- **Dataset excerpt**:
____

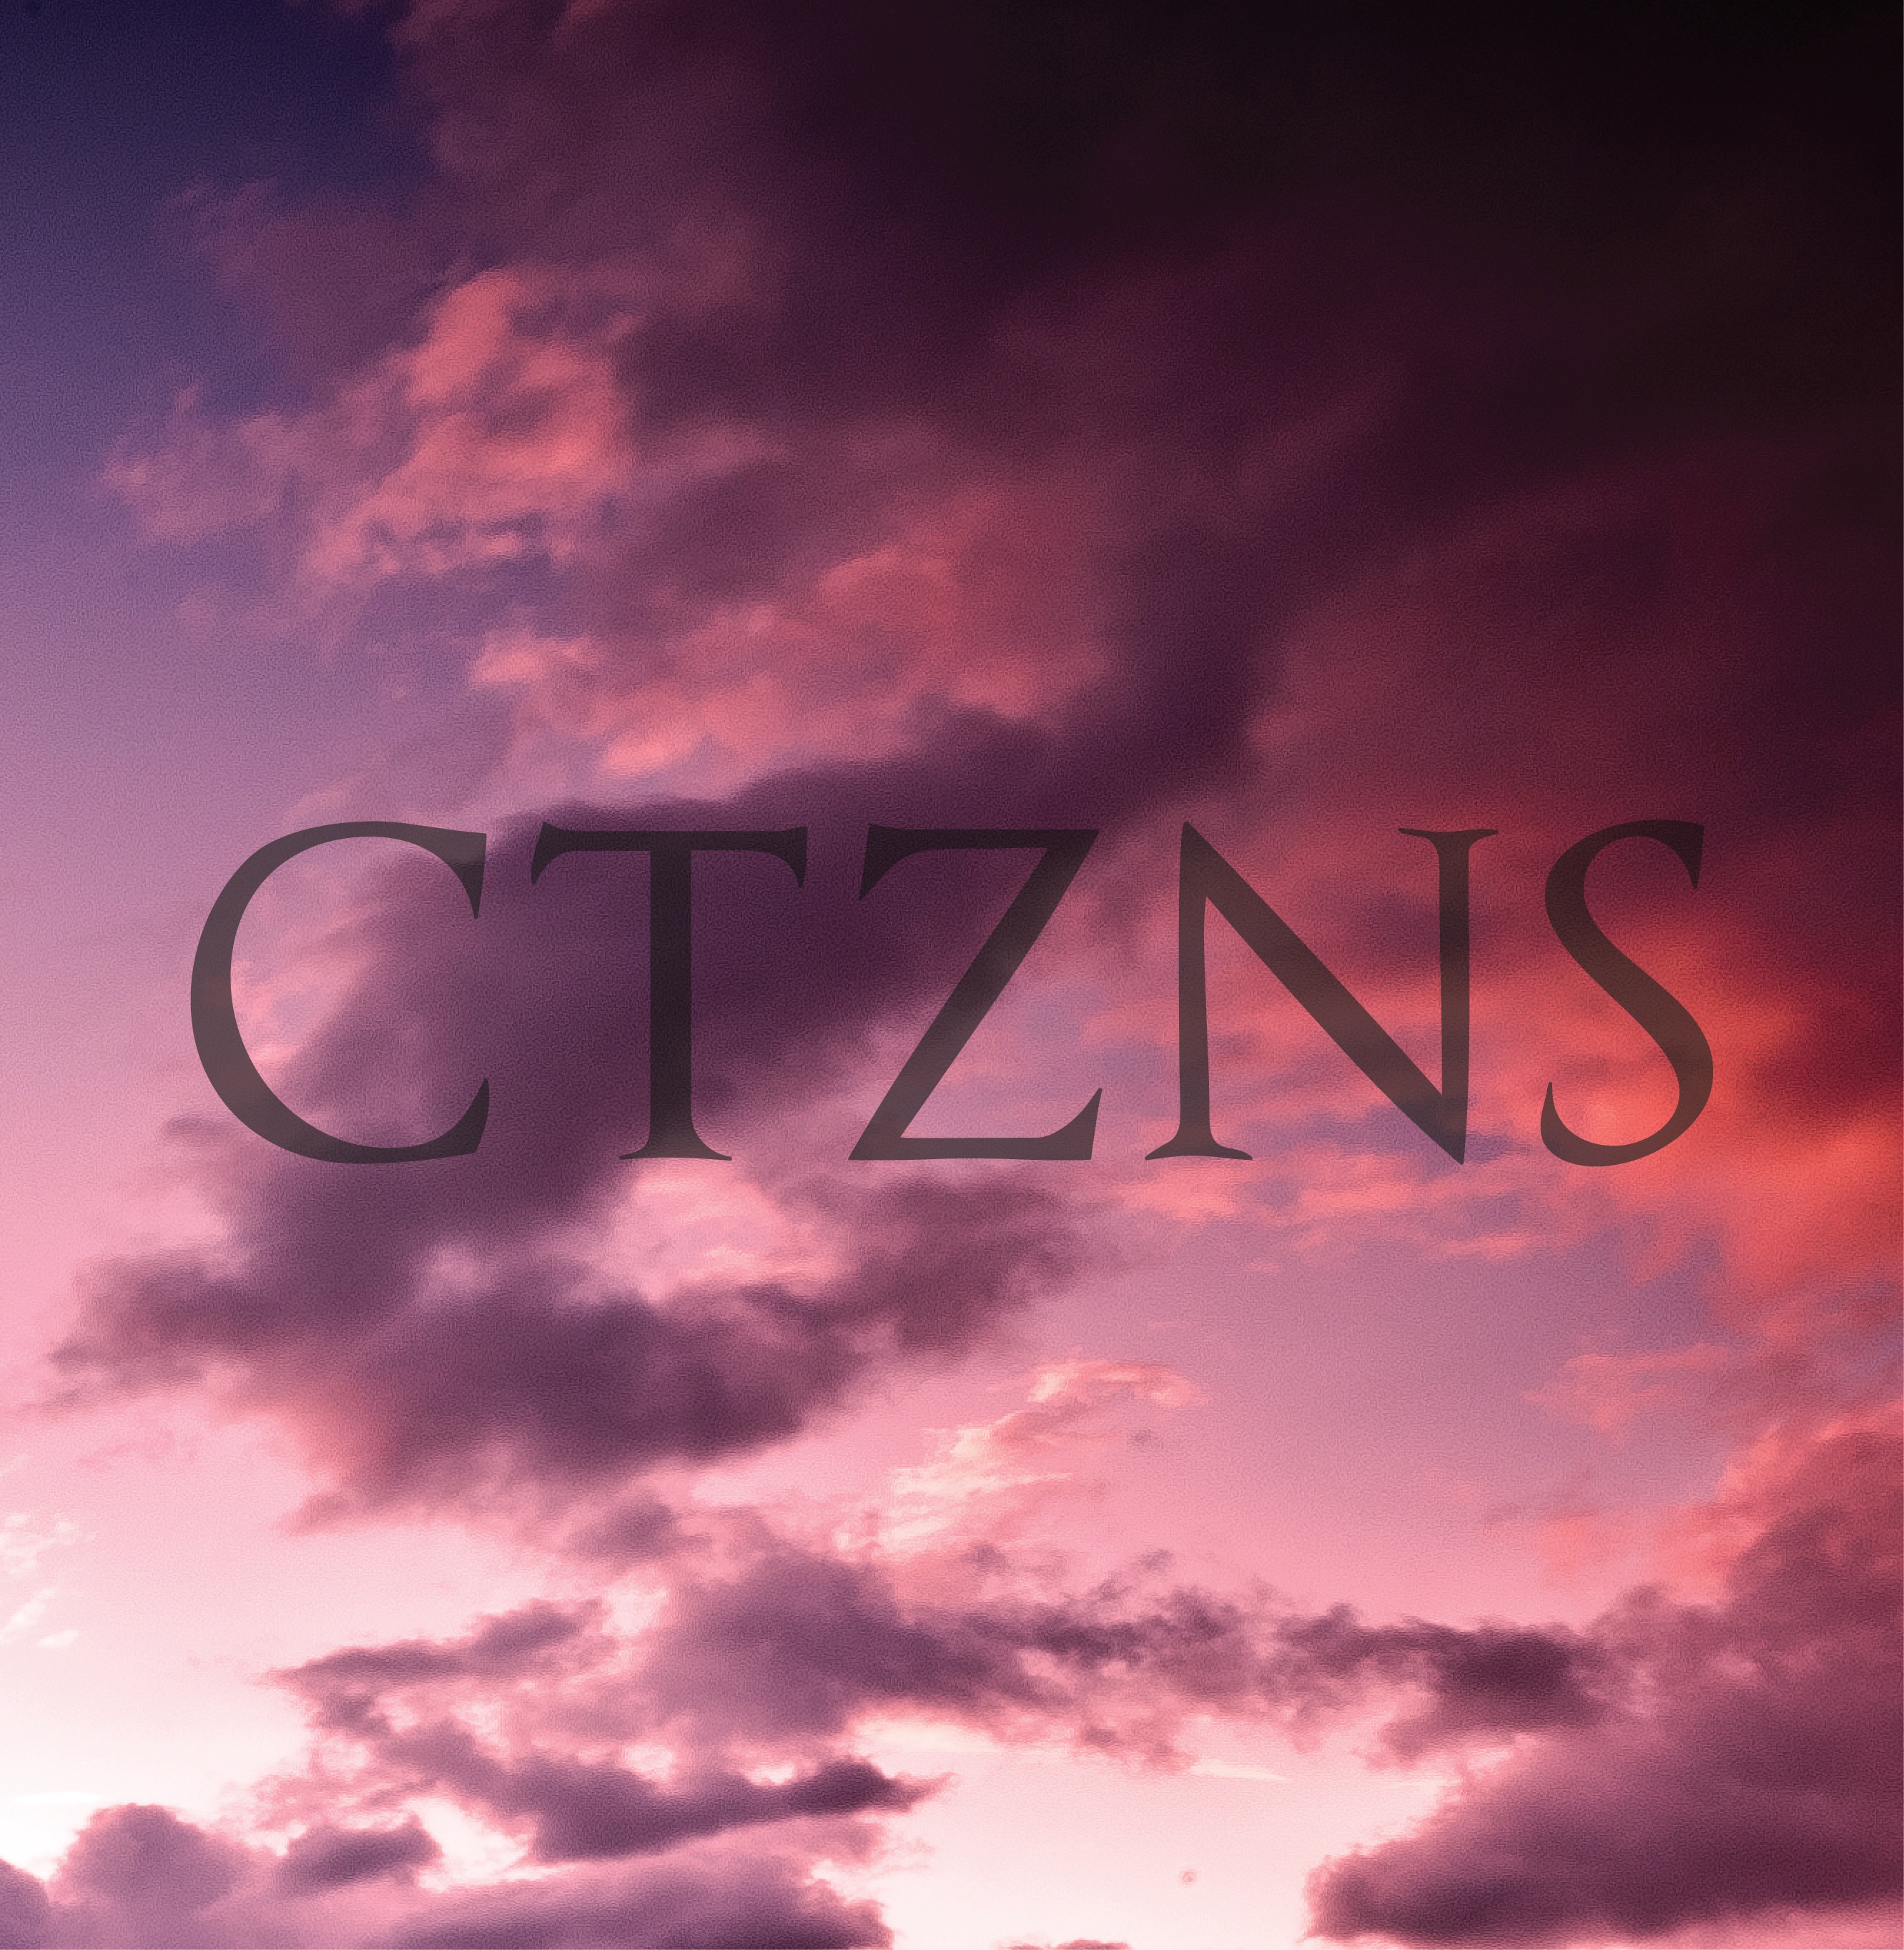 Citizens - CTZNS
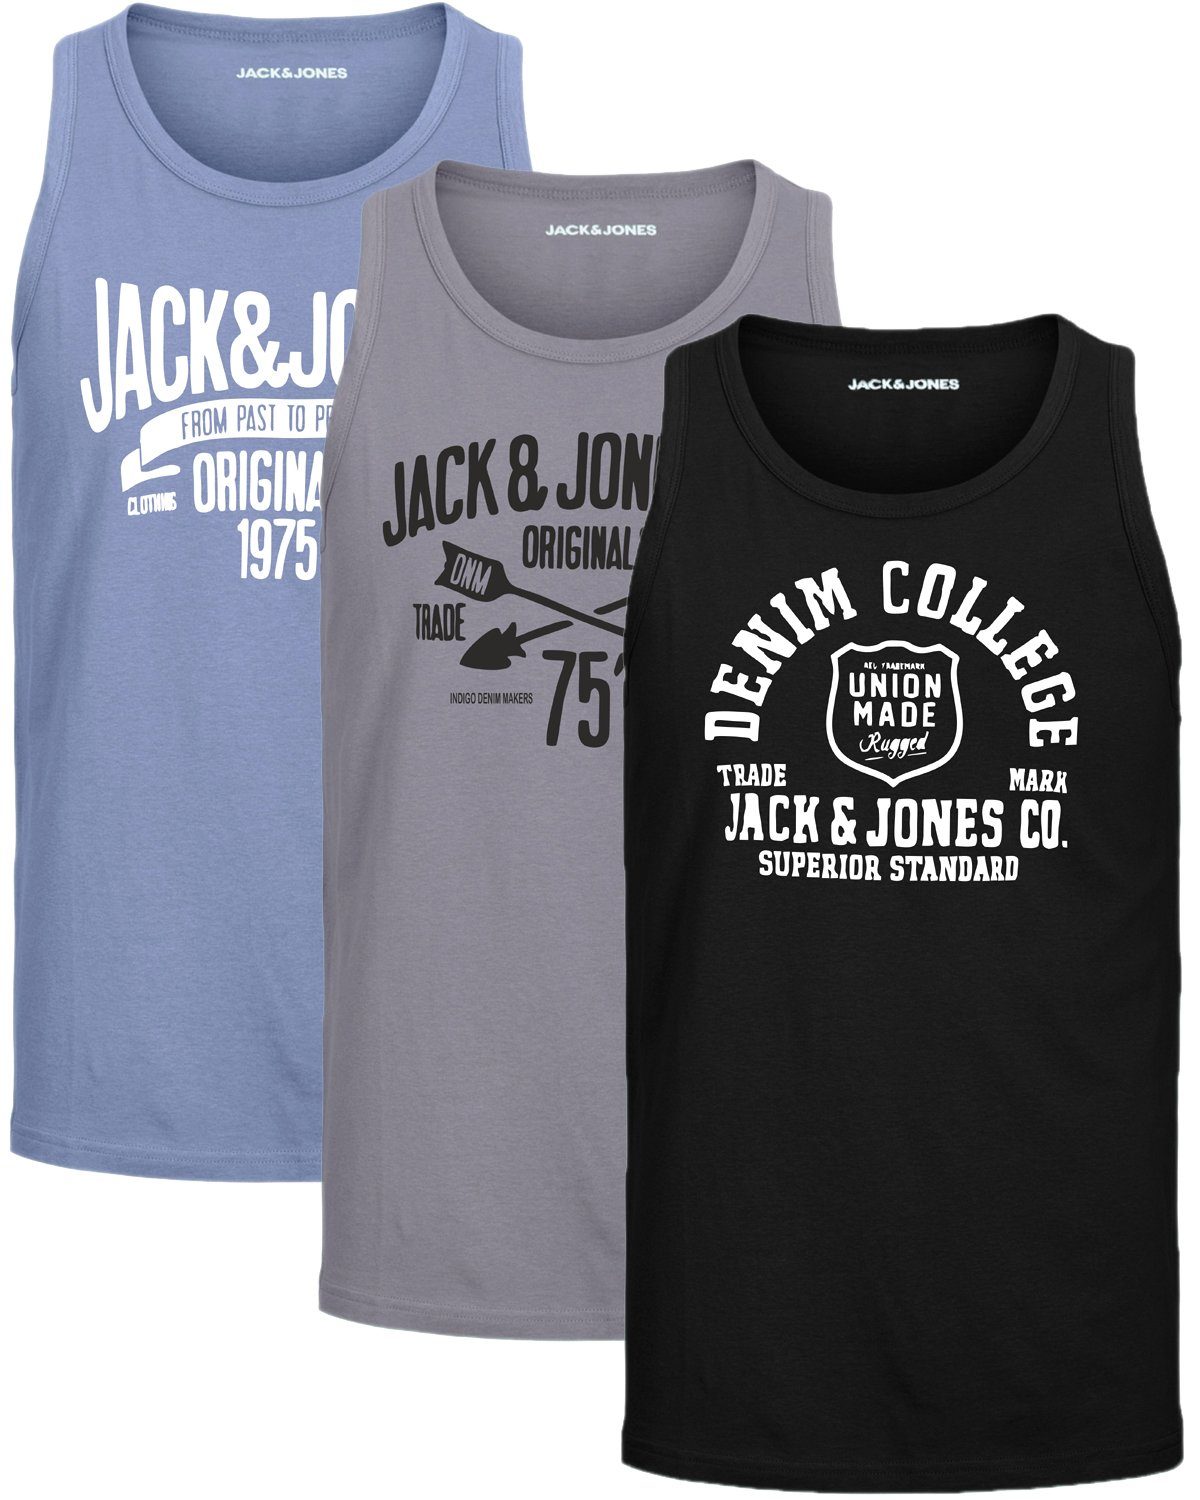 Jack & Jones Tanktop Bequemes Slimfit Shirt mit Printdruck (3er-Pack) unifarbenes Oberteil aus Baumwolle, Размер XXL
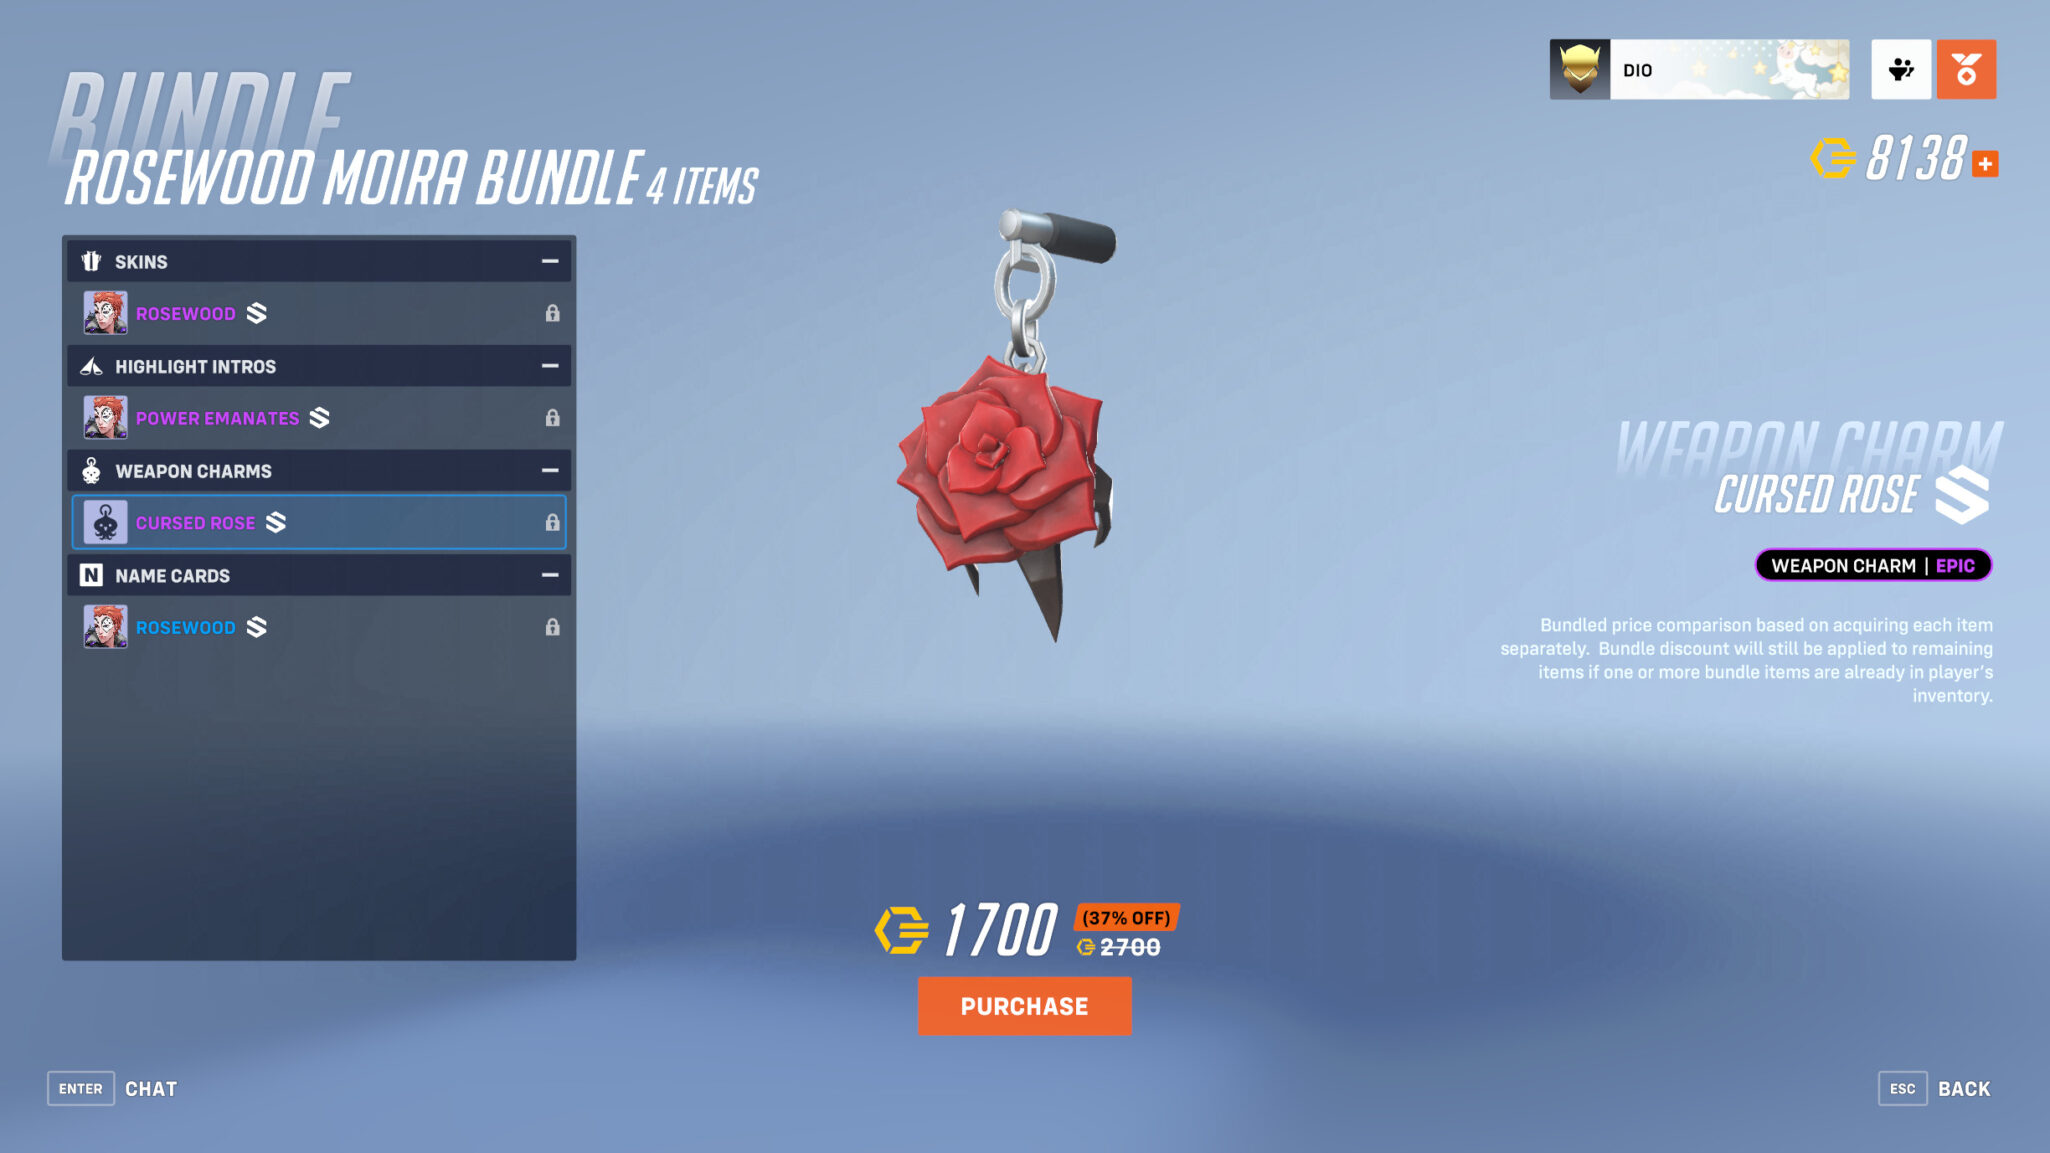 Cursed Rose weapon charm (Image via Blizzard Entertainment)

____

- **Exercise brief**: The data above are to be repeated word for word, with any pictures left out.

- **Answer section**:
 Citizens - CTZNS
 Jack & Jones Tanktop Bequemes Slimfit Shirt mit Printdruck (3er-Pack) unifarbenes Oberteil aus Baumwolle, Размер XXL
 Cursed Rose weapon charm (Image via Blizzard Entertainment)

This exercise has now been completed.